HEFESTO STC: DBRS Hikes Class B Notes Rating to B(high)
-------------------------------------------------------
DBRS Ratings GmbH took the following rating actions on the notes
issued by Hefesto STC, S.A. (Project Guincho) (the Issuer):

-- Class A notes confirmed at A (sf)
-- Class B notes upgraded to B (high) (sf) from CCC (sf)

The trends on all classes of notes remain Stable.

The transaction represents the issuance of Class A, Class B, Class
J, and Class R notes (collectively, the Notes). The rating on the
Class A notes addresses the timely payment of interest and the
ultimate payment of principal while the rating on the Class B notes
addresses the ultimate payment of interest and principal. DBRS
Morningstar does not rate the Class J or Class R notes.

As of the 30 September 2018 portfolio cut-off date, the Notes were
backed by a EUR 481 million portfolio by gross book value (the
portfolio) consisting of unsecured and secured nonperforming loans
(NPLs) originated by Banco Santander Totta S.A.

Since the transfer of the portfolio, the secured loans held by
individuals are serviced by Whitestar Asset Solutions S.A.
(Whitestar) and the secured loans held by corporates are serviced
by HG PT, Unipessoal, Lda (HG PT; together with Whitestar, the
servicers). In May 2021, Whitestar took over management of the
unsecured positions from Proteus Asset Management, Unipessoal,
Lda.

RATING RATIONALE

The confirmation and upgrade follow a review of the transaction and
are based on the following analytical considerations:

-- Transaction performance: An assessment of portfolio recoveries
as of 31 October 2022, focusing on: (1) a comparison between actual
collections and the servicers' initial business plan forecast; (2)
the collection performance observed over recent months; and (3) a
comparison between the current performance and DBRS Morningstar's
expectations.

-- Updated business plan: The servicers' updated business plan as
of October 2022, received in January 2023, and the comparison with
the initial collection expectations.

-- Portfolio characteristics: The loan pool composition as of
October 2022 and the evolution of its core features since
issuance.

-- Transaction liquidating structure: except for the Class R
notes, the order of priority entails a fully sequential
amortization of the Notes (i.e., the Class B notes will begin to
amortize following the full repayment of the Class A notes and the
Class J notes will amortize following the repayment of the Class B
notes). Additionally, interest payments on the Class B notes become
subordinated to principal payments on the Class A notes if the
cumulative collection ratio or the net present value cumulative
profitability ratio is lower than 90%. These triggers were not
breached on the November 2022 interest payment date, at which time
the actual figures were 100.4% and 158.3%, respectively, according
to the latest investor report.

-- Liquidity support: the transaction benefits from an amortizing
cash reserve providing liquidity to the structure, covering
potential interest shortfall on the Class A notes and senior fees.
The cash reserve, whose target amount is equal to 3.0% of the Class
A notes' principal outstanding balance, is currently fully funded.
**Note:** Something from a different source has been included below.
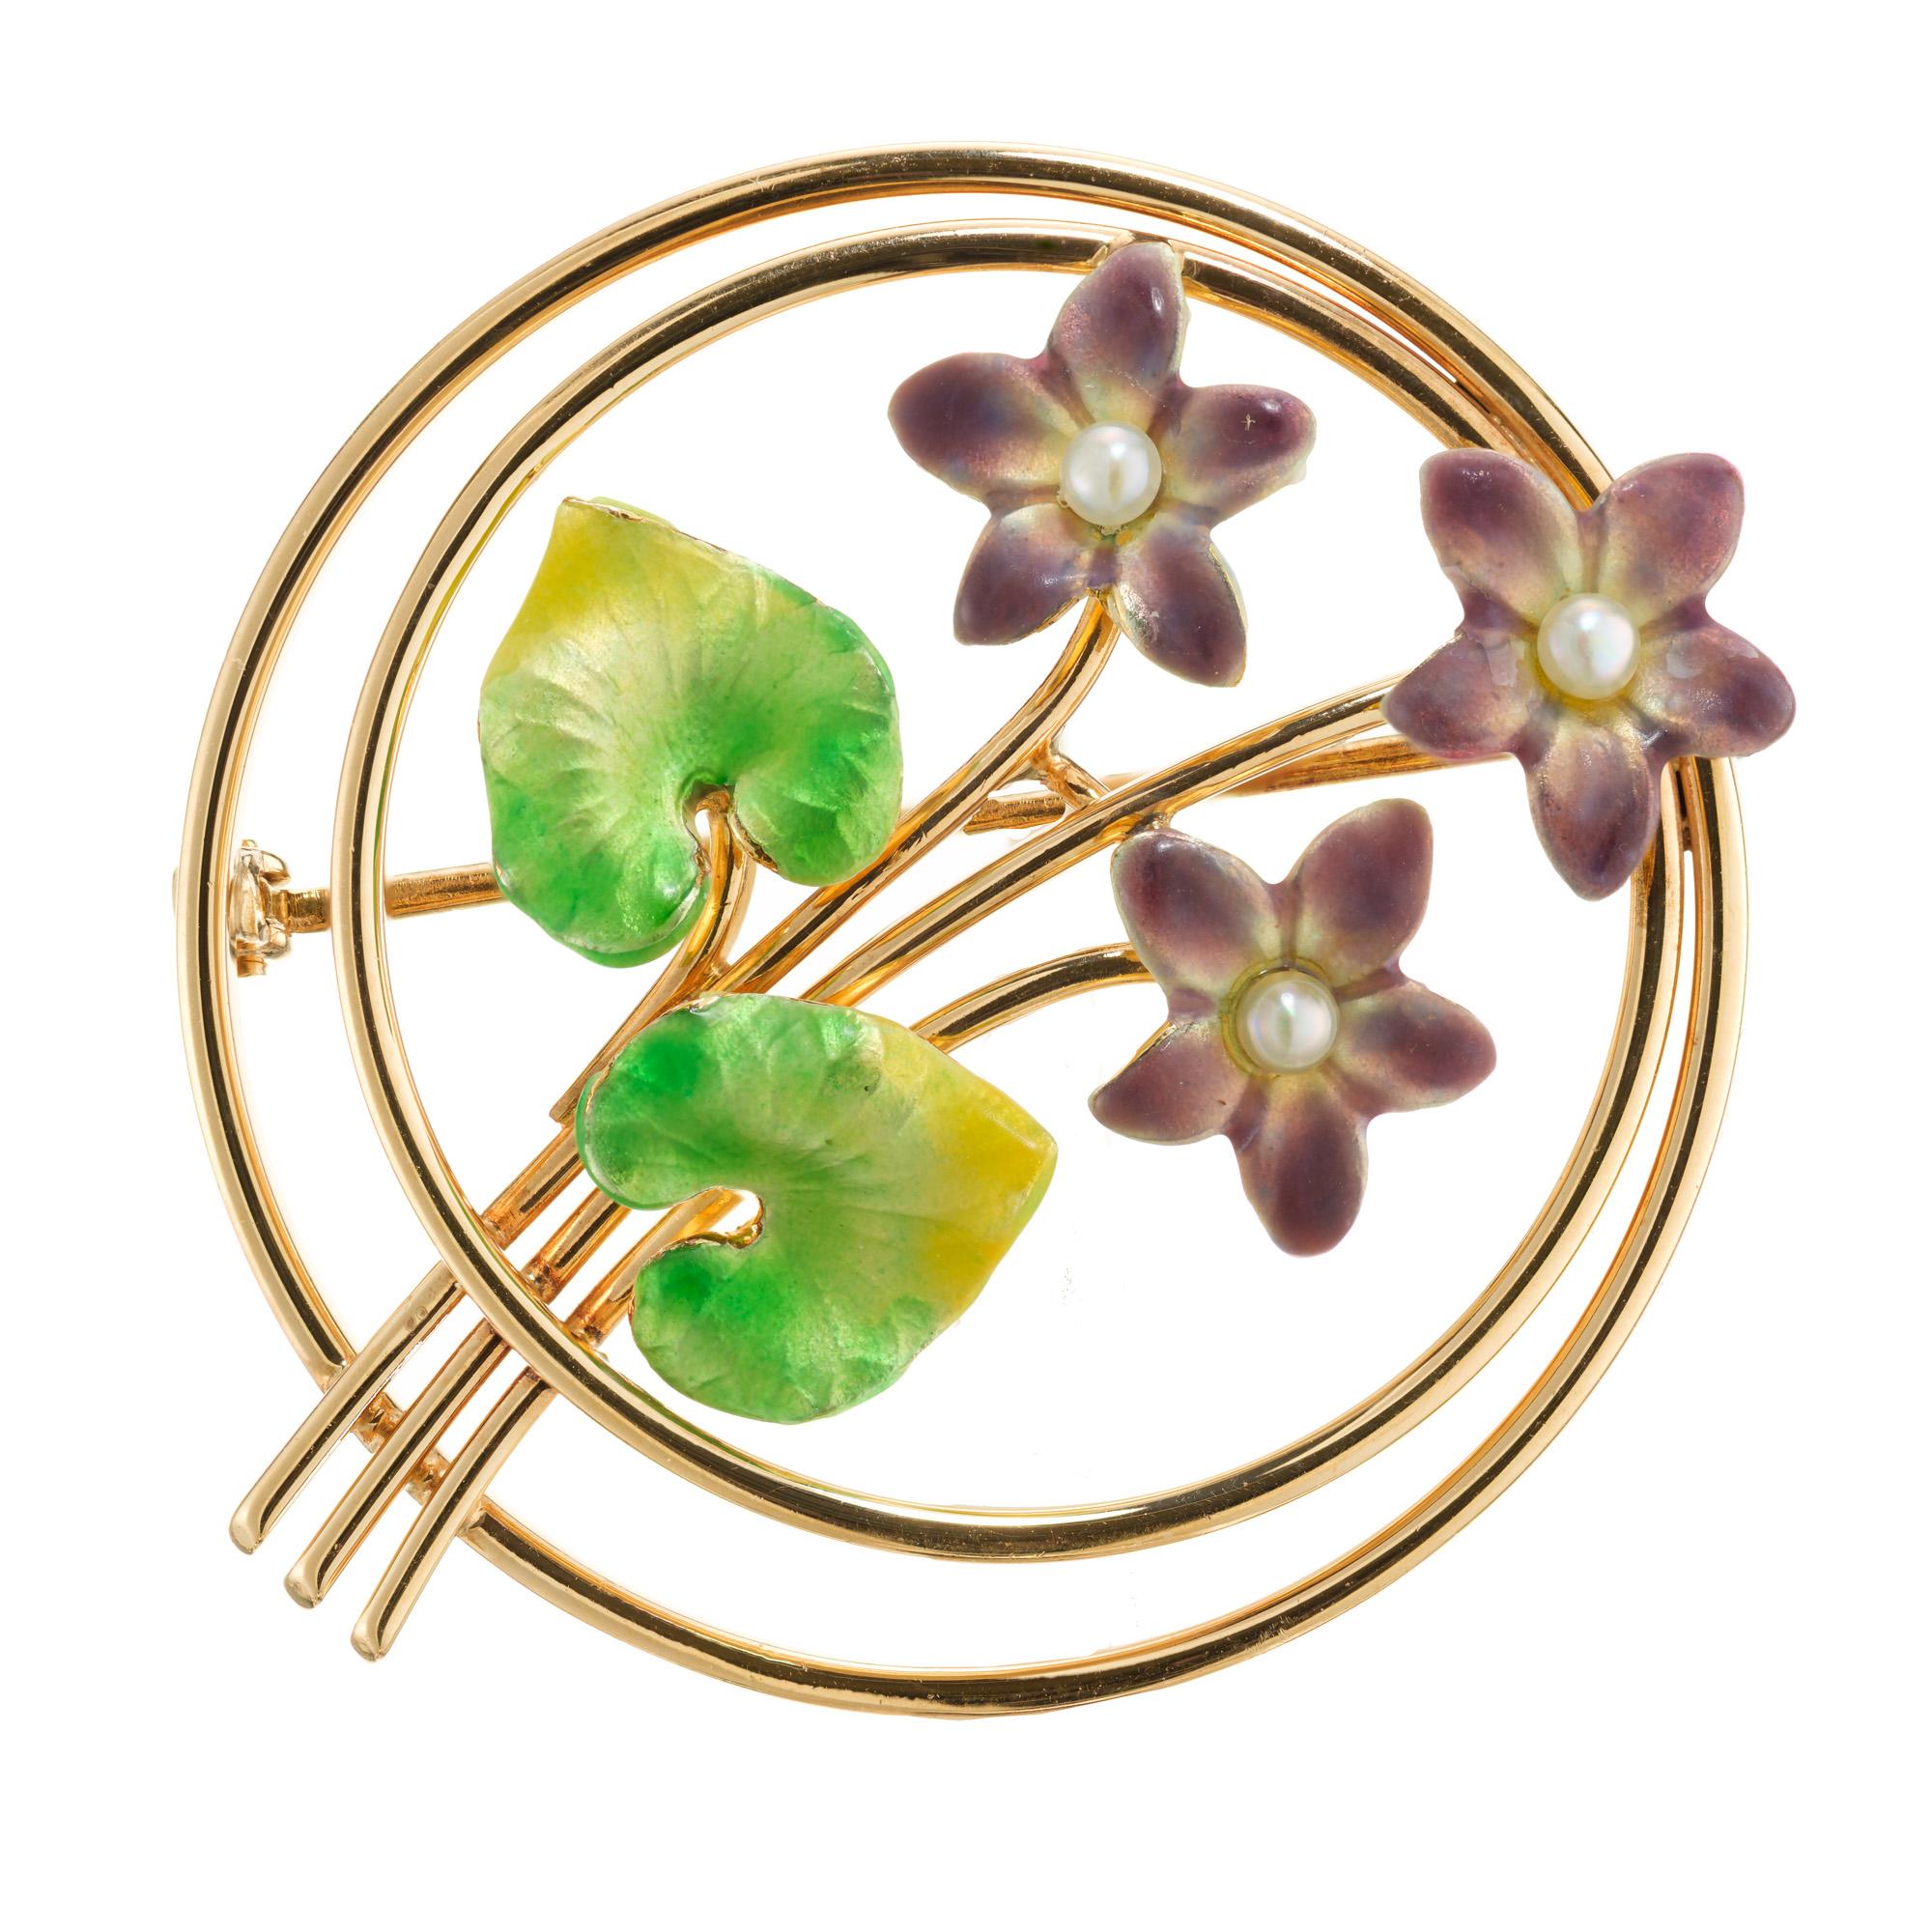 Taille ronde Krementz Broche fleur en or rose, perles, émail et perles en vente

-- The exposure to the transaction account bank and the downgrade
provisions outlined in the transaction documents.

According to the latest investor report from November 2022, the
outstanding principal amounts of the Class A, Class B, Class J, and
Class R notes were EUR 10.7 million, EUR 14.0 million, EUR 25.0
million, and EUR 0.4 million, respectively. As of the November 2022
payment date, the balance of the Class A notes had amortized by
approximately 87.2% since issuance and the current aggregated
transaction balance was EUR 50.1 million.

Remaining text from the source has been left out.